Na chegada a seus 40 anos, o Ministério da Cultura se vê encurralado por crises. Problemas que já fizeram muitos aniversários, sob outras gestões, estão se agravando —caso da morosidade na estudo das prestações de contas de projetos financiados com a Lei Rouanet— e conflitos mais recentes —uma vez que a lentidão na regulação do streaming— levam a pasta, hoje comandada por Margareth Menezes, a ser questionada tanto pela classe artística quanto pelo Tribunal de Contas da União e a Controladoria Universal da União.
Um relatório do TCU que analisou as contas públicas do governo Lula em 2023, obtido pela reportagem agora, aponta que existe um “quadro grave” relacionado à falta de avaliação da prestação de contas de quem procura patrocínio cultural via Lei Rouanet.
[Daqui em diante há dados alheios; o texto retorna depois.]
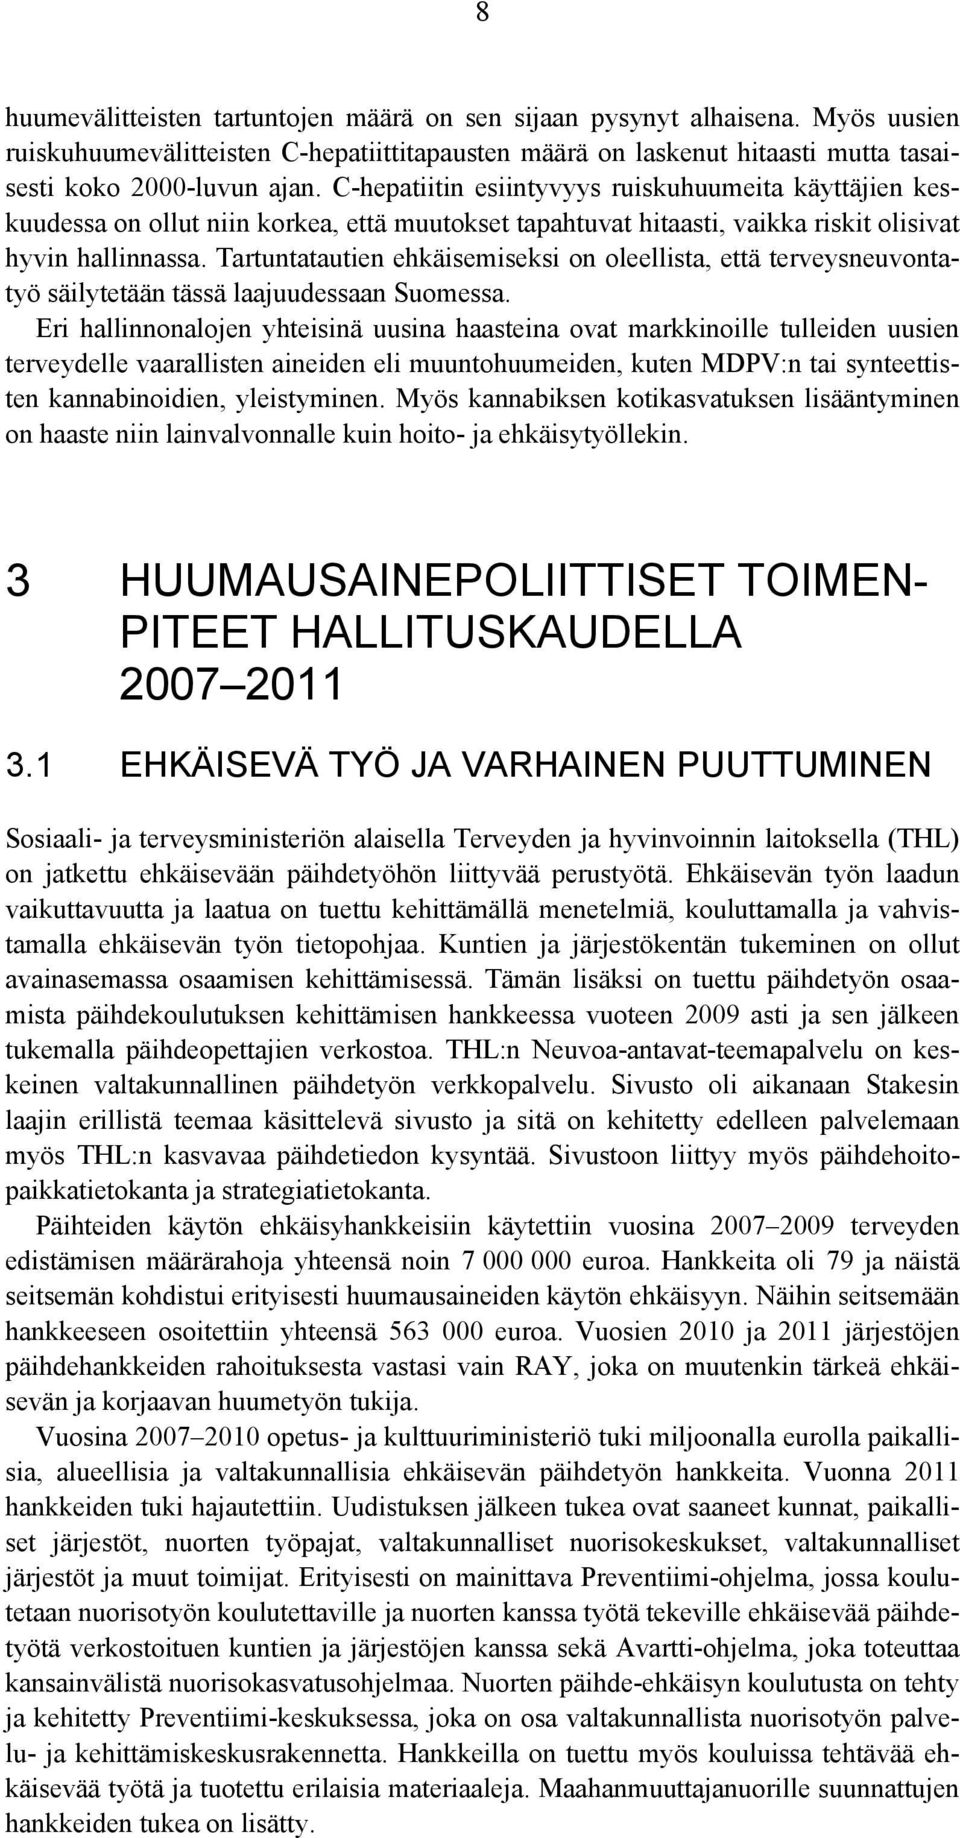 Tartuntatautien ehkäisemiseksi on oleellista, että terveysneuvontatyö säilytetään tässä laajuudessaan Suomessa.

Menezes atribui as dificuldades que enfrenta à desestruturação da pasta durante o governo de Jair Bolsonaro, que reduziu o Ministério da Cultura a uma secretaria e desidratou mecanismos uma vez que a lei de incentivo. Ela acrescenta que seu objetivo é varar, até o ano que vem, as prestações de contas não analisadas pela pasta.
A fiscalização dessas contas é um problema que órgãos de controle uma vez que o TCU apontam desde o início dos anos 2000, mas o passivo só cresce —unicamente relativo à Rouanet, houve um aumento de 14,9% na quantidade de avaliações pendentes em um ano, do termo de 2022 para o termo de 2023, segundo o TCU. Ao todo, até o termo do período analisado pelo relatório, existiam 26.086 processos sem uma estudo conclusiva.
Os dados foram compilados num relatório pelo pesquisador político Manoel de Souza Neto, do Observatório da Cultura. Para ele, a pasta precisa de uma reforma institucional. “O MinC não tem capacidade de sanar o passivo bilionário nem consegue definir políticas, liderança, planos, metas ou satisfazer sua termo com os órgãos de controle. Está num apagão com relação a emprego dos recursos. Não se pode justificar uma vez que foram gastos, nem sua eficiência para as políticas públicas.”
A morosidade na estudo das prestações de contas é uma das faces mais evidentes do déficit de funcionários do MinC —de 2014 a 2023, houve uma queda de 36,6%, zero supra da redução vista no quadro universal de profissionais do setor público federalista, que foi de 7,8% no mesmo período.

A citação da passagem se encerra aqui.